Sincere Congratulations Derek!! :4-clap:


----------



## JohnthePilot (Mar 30, 2006)

*Congratulations Derek.*:4-cheers:
Do we all get a pay rise now? :laugh:

What's happened to JG?


----------



## Go The Power (Mar 5, 2007)

Congratulation's Derek :4-clap:


----------



## Tumbleweed36 (May 14, 2005)

Congratulations for the promotion. Your dedication and hard work is noticed.


----------



## speedster123 (Oct 18, 2006)

*congratulations*


----------



## Ried (Jan 11, 2005)

Congratulations to one of the most brilliant Managers I've ever come across. Your steady, insightful style has set the example that all of us should strive to emulate and master.

:wave:


----------



## carsey (Aug 19, 2006)

Congratulations.
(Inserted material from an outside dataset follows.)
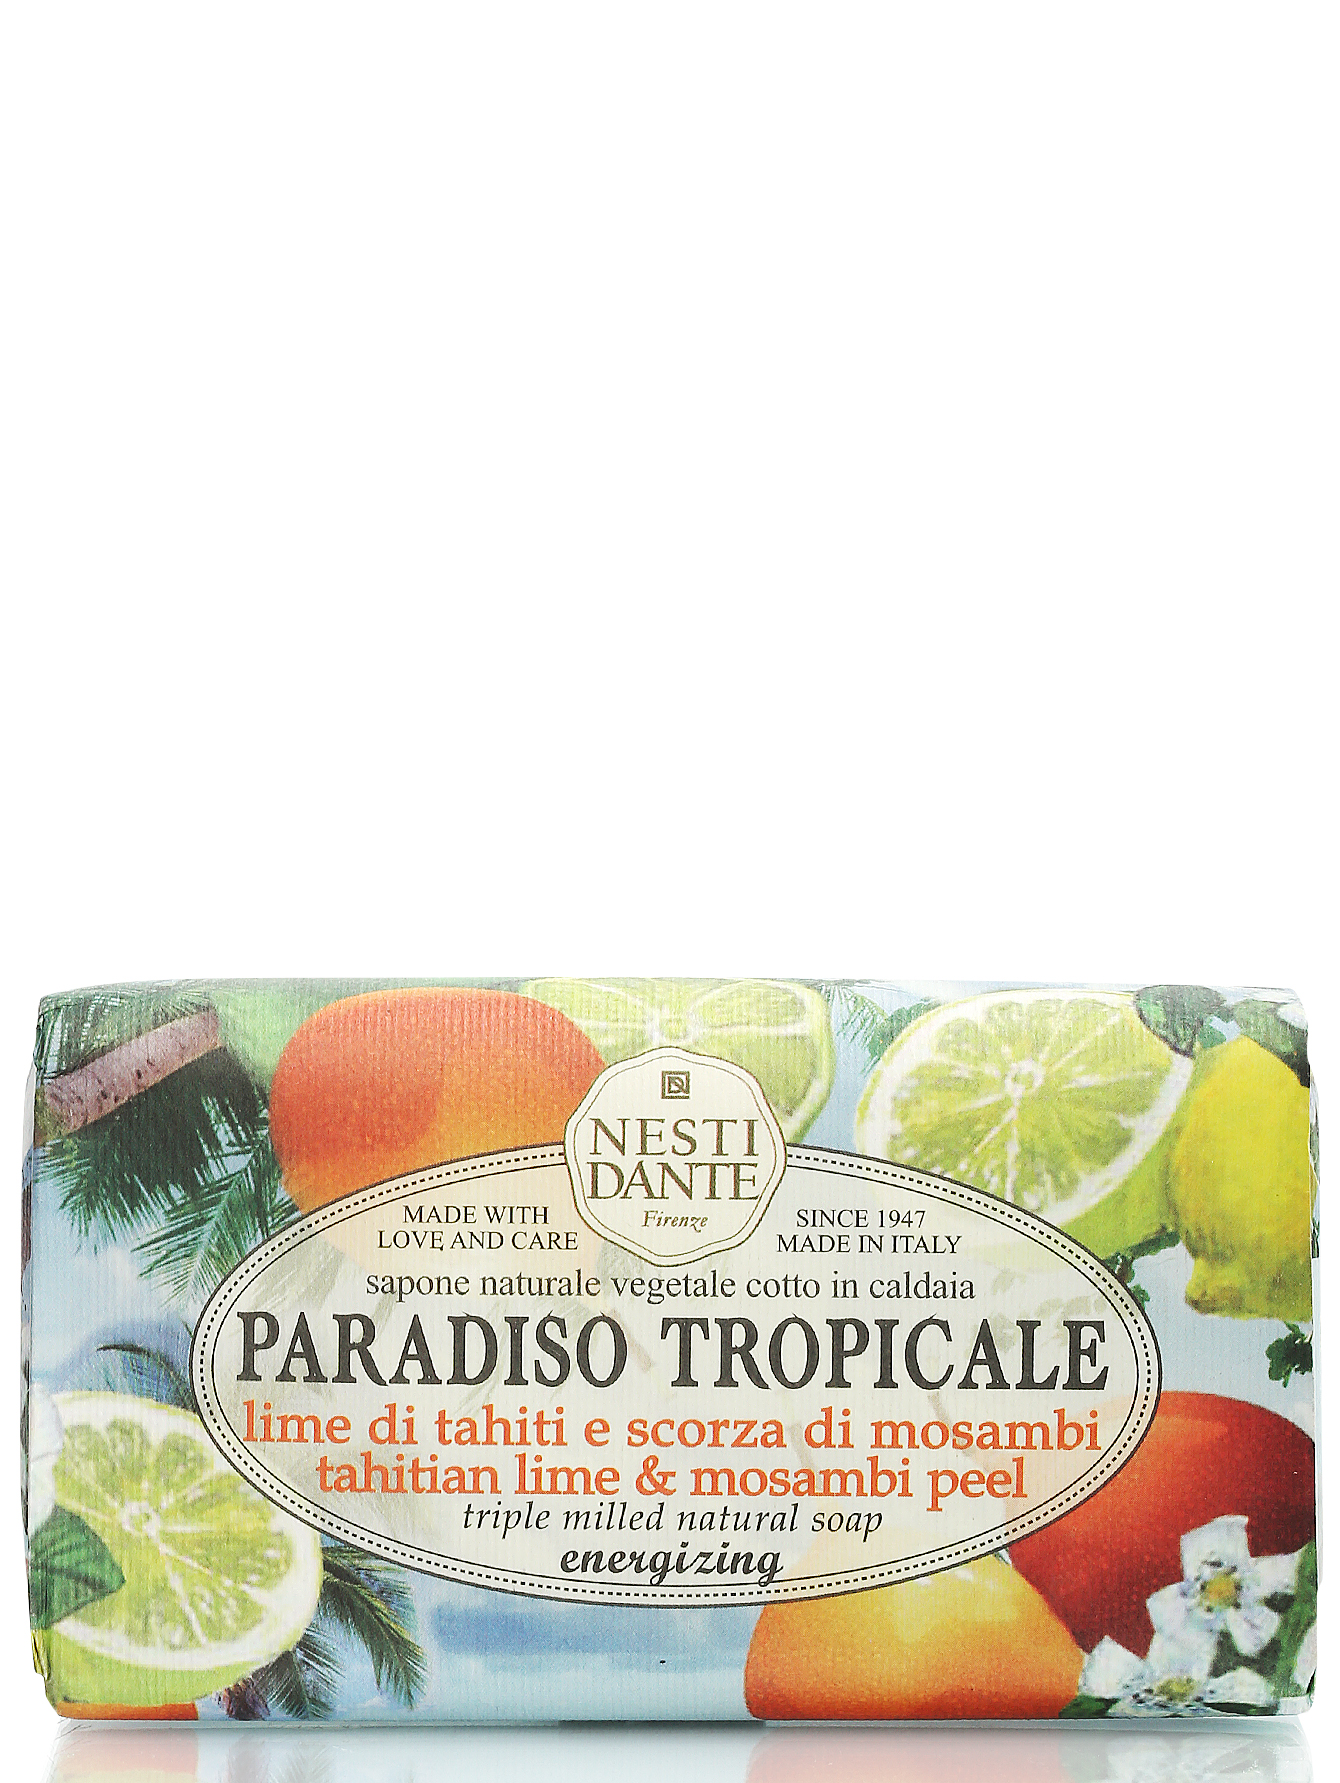 Мыло Paradiso Tropicale, 250 г - Общий вид

I love the way you handle matters.


----------



## sinclair_tm (Mar 11, 2005)

i'm sorry to hear that horse. really, i am... :winkgrin:


----------



## HawMan (May 12, 2006)

good job derek :spinning::spinning::spinning:


----------



## tetonbob (Jan 10, 2005)

Congrats, Derek. Well deserved!

Hope you got an expanded inbox. :grin:


----------



## dai (Jul 2, 2004)

congratulations derek


----------



## Glaswegian (Sep 16, 2005)

Many congratulations Derek - thoroughly well deserved. Can I have your old parking space now? :grin:


----------



## nickster_uk (Feb 7, 2005)

Congrats Derek :smile:


----------



## bry623 (Apr 8, 2002)

Derek major congrats! 

Yeah, what did happen to JG?


----------



## Cellus (Aug 31, 2006)

Congratulations Derek.


----------



## Indoril Nerevar (Jan 7, 2006)

Congratulations, Derek, and thanks for taking on the responsibility.


----------



## Geekgirl (Jan 1, 2005)

Well deserved Derek, nice job


----------



## mattlock (Dec 28, 2005)

Congratulations Derek. ray:


----------



## Horse (Oct 30, 2003)

Thanks to everyone for the congratulations. I will certainly try to live up to all of your accolades. I appreciate your continued support greatly.



bry623 said:


> Yeah, what did happen to JG?


Bry and any others who have asked, Jg is just fine. I spoke to him about two weeks ago on the telephone. He is still dealing with a few personal issues but is intending to return to TSF at some point. Of course he IS still the TSF General Manager and I am only filling his shoes while he is indisposed. Upon his return, albeit I will remain a General Manager, it will be in the number three spot LOL.

My apologies for replying so late to this thread.


----------